The past two weeks of SB62 also saw climate justice linked with other ongoing struggles for justice. SB62 also provided a venue where new and exciting discussions around human rights and reparations were able to flourish. The first week featured a panel hosted by La Ruta del Clima which explored the deep connections between climate reparations and human rights law. Meanwhile, a side event organized by Natural Resource Governance Institute (NRGI) spotlighted the imperative for just mineral governance as a cornerstone of a truly just transition.

3. Just transition advances

Some of  the most concrete progress came in the form of a draft text from the Just Transition Work Programme (JTWP), an initiative that has been led by both Indigenous and working communities worldwide. Taking into account the ILO’s estimate that around 80 million jobs will be lost by 2030 due to the climate crisis, the JTWP aims to support countries in designing transition pathways. In a Bonn Conference that often felt plagued by a lack of urgency, the establishment of a JTWP text represented a welcome and sorely-needed tangible victory.

Pushing for justice in the road ahead 

Civil society, Global South negotiators, and frontline communities worked together during SB62 to push a powerful message: climate finance must be rooted in justice, not charity. In that spirit, CESR co-hosted the event “Climate Reparations: Advancing Justice for Frontline Communities”, where speakers called out Global North delay tactics and advanced rights-based solutions, including tax and debt justice.
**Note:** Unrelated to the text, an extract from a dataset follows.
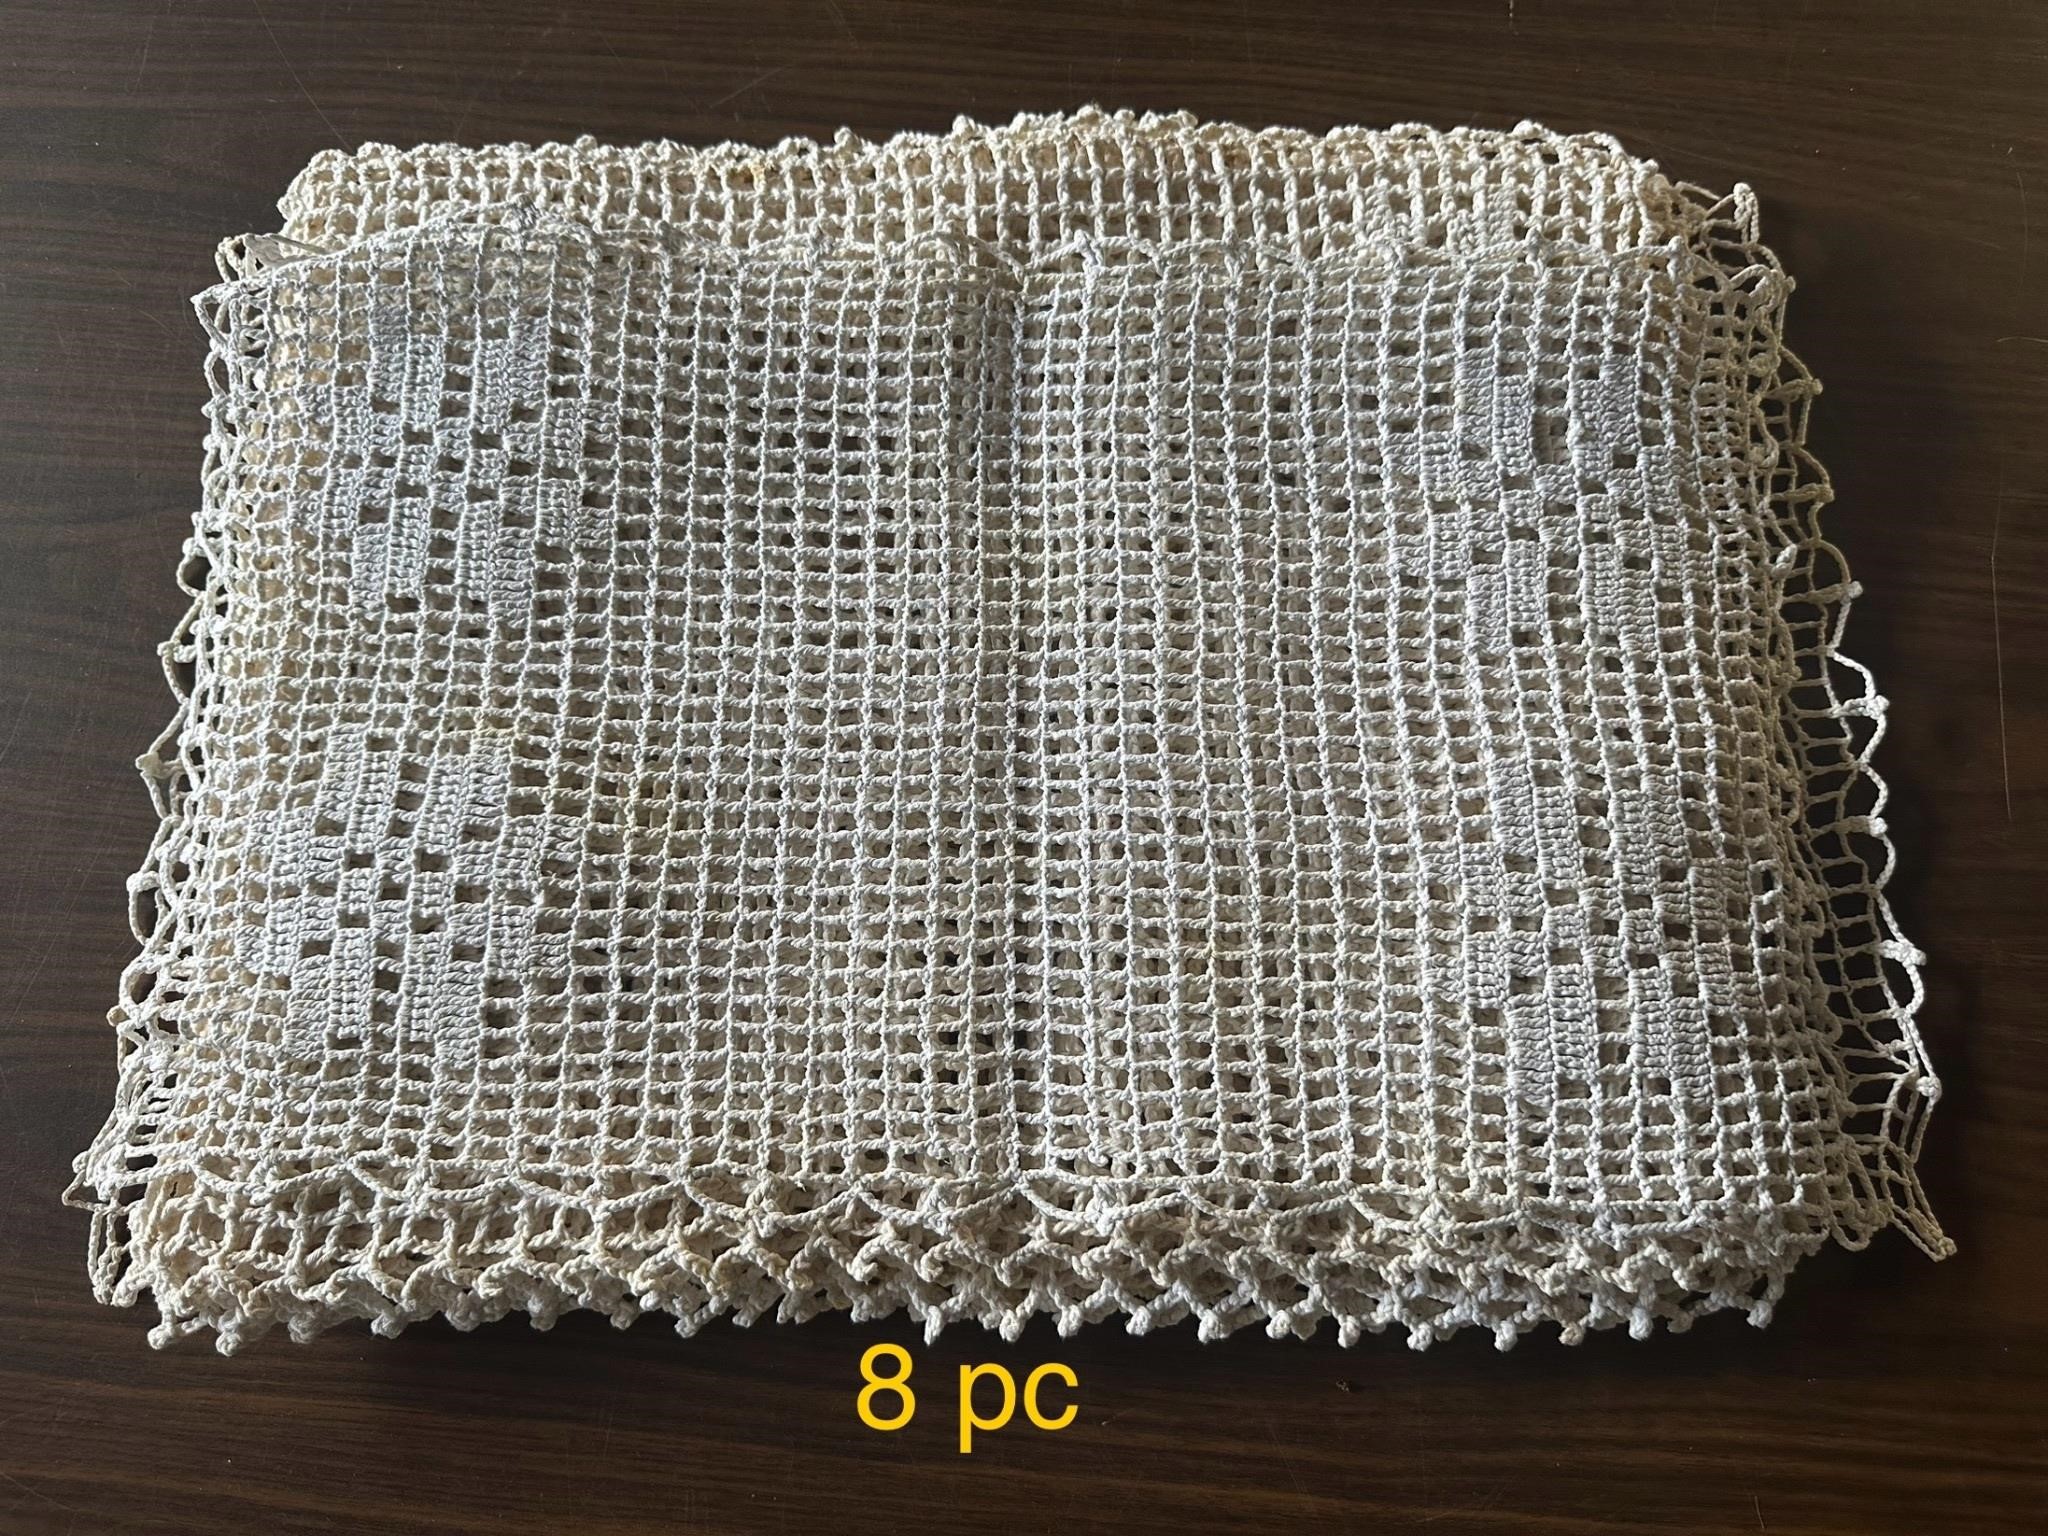 8 pc Vintage Crochet Placemats

As our Director of Program, Dr. Marianna Leite wrote in her reflections on SB62:

“Providing climate finance at the scale, quantity and quality that is needed and as determined by the best available science is an obligation and fundamental for reparatory justice—not charity.”

This framing echoed throughout the negotiations and side events in Bonn, as civil society and Global South voices pushed back against delay tactics and insisted that climate finance must be grounded in rights and justice.

Throughout the talks, CESR joined others in reinforcing the legal and normative foundations of climate finance, sharing our Key Concepts: Climate Finance, Reparations and Human Rights, and collaborating with La Ruta del Clima to reframe global obligations through a reparations lens.

As the Fourth International Conference on Financing for Development (FfD4) continues in Spain, the links between climate justice, debt, tax, and development finance are clearer than ever. Transformative climate finance will not emerge from climate spaces alone, but from collective pressure across movements working to rewrite the rules of the global economy.